To demonstrate the utility of the model-checking techniques proposed in this paper, we conducted case studies on quantum walks to investigate their temporal linear-time properties. We completed a prototype for implementing our model-checking algorithm and used it to automatically model check all MLTL formulas provided in Example 3. The prototype was built using Python for the quantum part to generate an \(\omega \)-regular language and Java for the classical part to model check the language against LTL formulas by calling Spot, a platform for LTL and \(\omega \)-automata manipulation [34].

Before conducting the verification process, it is crucial to ensure the periodic stability of the QMC model for the quantum walk in Example 2. By Proposition 1, this can be achieved by computing the eigenvalues of the model and confirming that they only have 1 as the eigenvalue with a magnitude of one.
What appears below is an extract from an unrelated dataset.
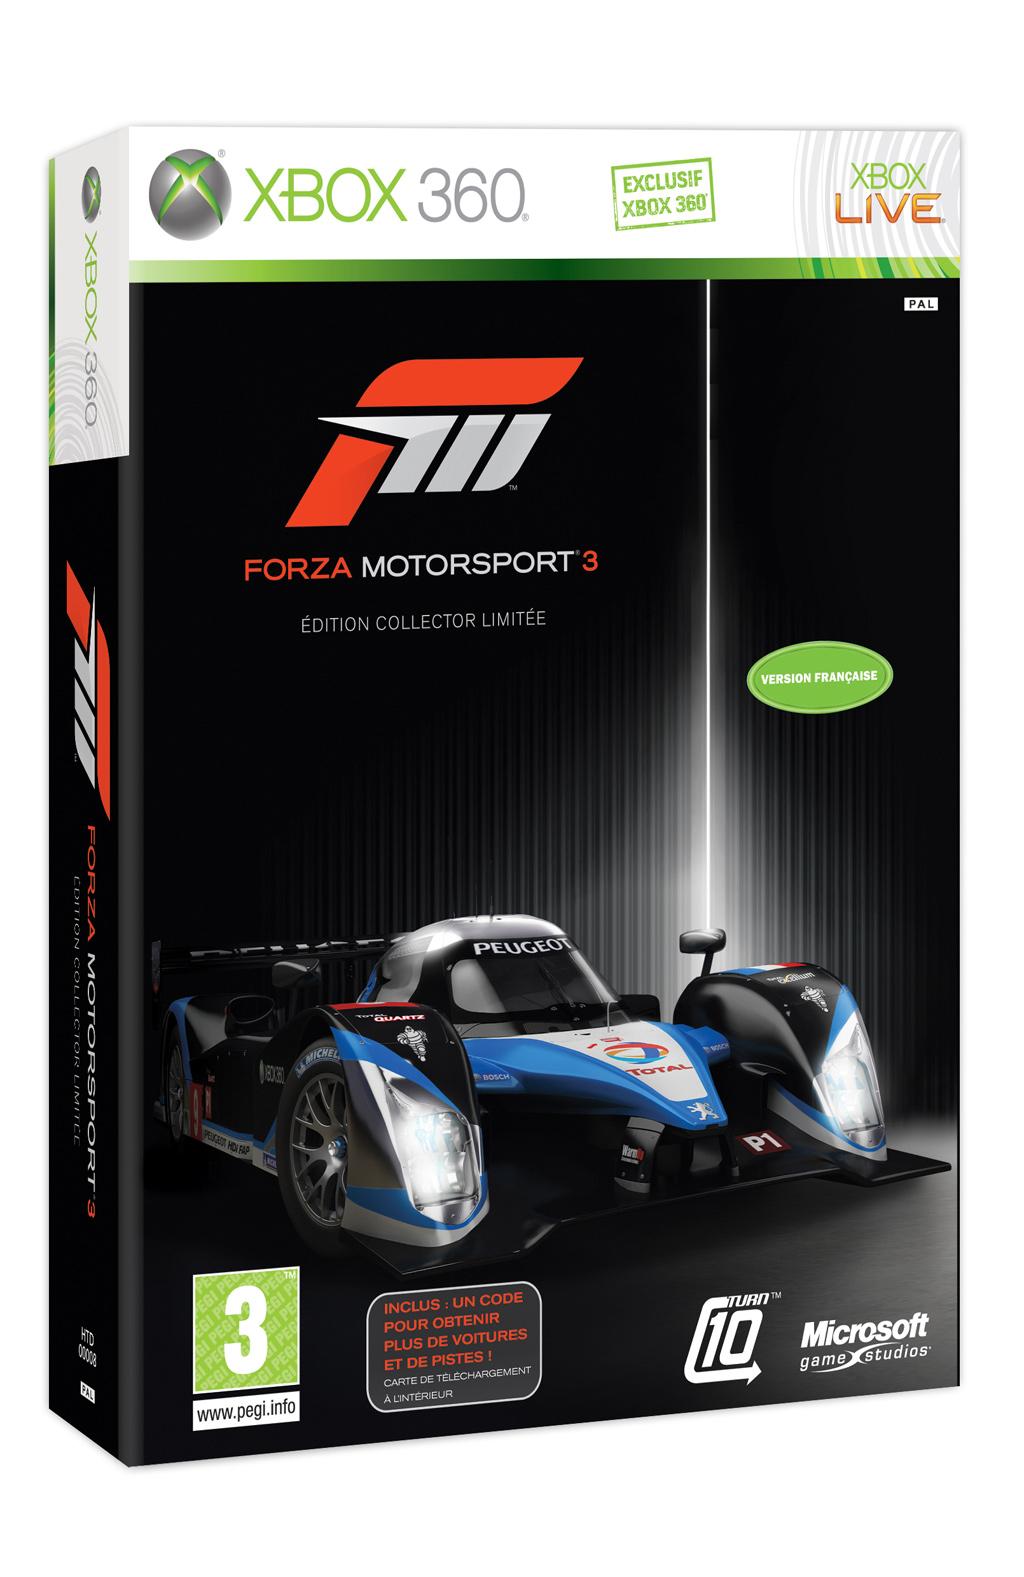 Forza3 collector 001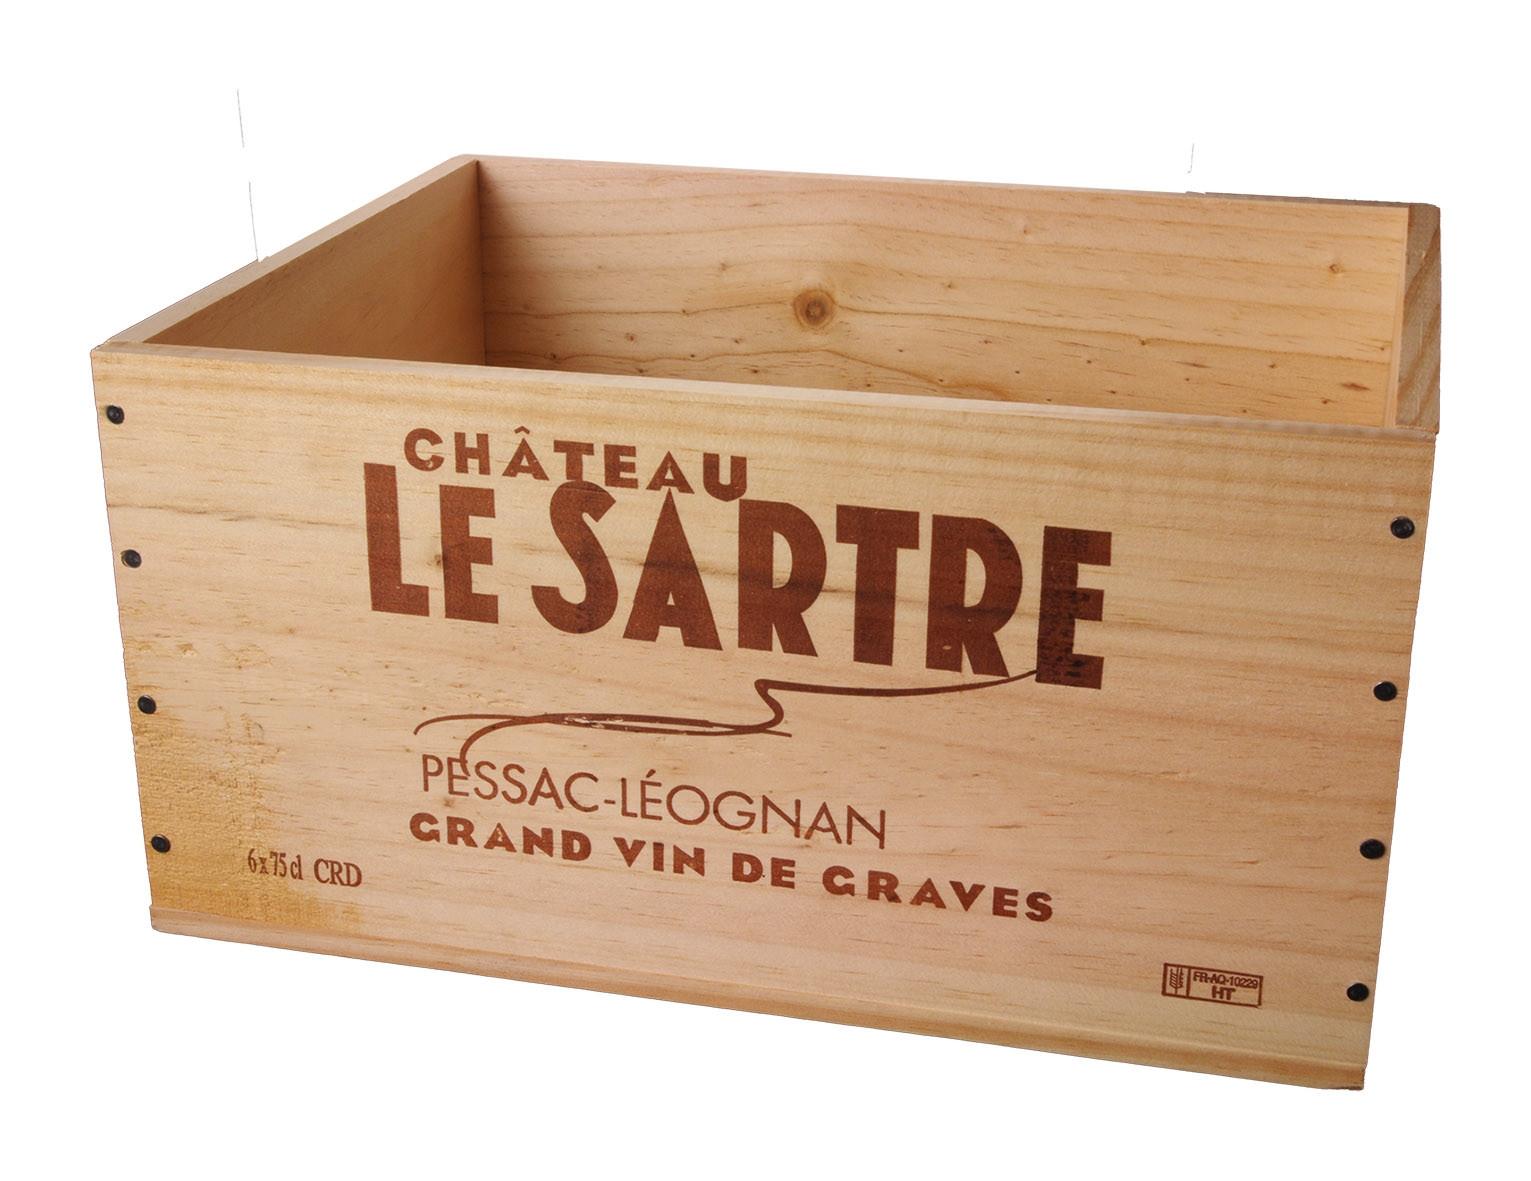 Caisse Bois 6x75cl estampillé Château le Sartre www.odyssee-vins.com

Armed with this information, we can then employ Algorithm 1 to verify the properties outlined in Example 3. The experimental results for these verifications can be found in Table 1.

The first experiment in Table 1 confirms the advantages of quantum walks over classical random walks, which was previously established by Ambainis et al. in [18]. The remaining two experiments aim to uncover new properties of quantum walks. Moreover, we also utilized Algorithm 1 to verify these same properties for one-dimensional unbiased classical random walks with absorbing boundaries, which yielded contrasting results (false for the first experiment and true for the last two experiments in Table 1). This confirms that these properties are unique phenomena specific to quantum walks.

Table 1. The experimental result for position number \(d=20\) and different initial states \(\rho _0= | \psi _0 \rangle \langle \psi _0 |\).

7 Conclusion

In this paper, we proposed a new quantum logic called measurement-based linear-time temporal logic (MLTL) to specify the quantitative properties of quantum Markov chains (QMCs). For model checking MLTL formulas, an algorithm was developed. The measurement-based atomic propositions of MLTL build upon the subspace-based quantum atomic propositions introduced by Birkhoff and von Neumann [12]. Furthermore, we demonstrated the practical applicability of our model-checking algorithm in quantum walks. This not only confirms the previously established advantages discovered by Ambainis et al. [18] of quantum walks over classical random walks, but also uncovers new phenomena that are unique to quantum walks.

As future work, we note that the quantum walk in Example 2 can also be written as a while-loop quantum program [32], and the absorbing probabilities are exactly the termination probabilities of the program. Indeed, any quantum program written in the While language can be modeled by a QMC [6]. So our model-checking approach can be naturally applied in the verification of quantum program properties specified as MLTL formulas. Therefore, we plan to apply our model-checking algorithms to verify quantum programs. Moreover, it would be intriguing to broaden the application of the methods presented in this paper to verify the behavior of non-periodically stable QMCs. One possible approach is that any non-periodically stable QMC will be close to a periodically stable one with arbitrary precision, as any irrational number (eigenvalue) will be close to a rational number (eigenvalue) with the same precision.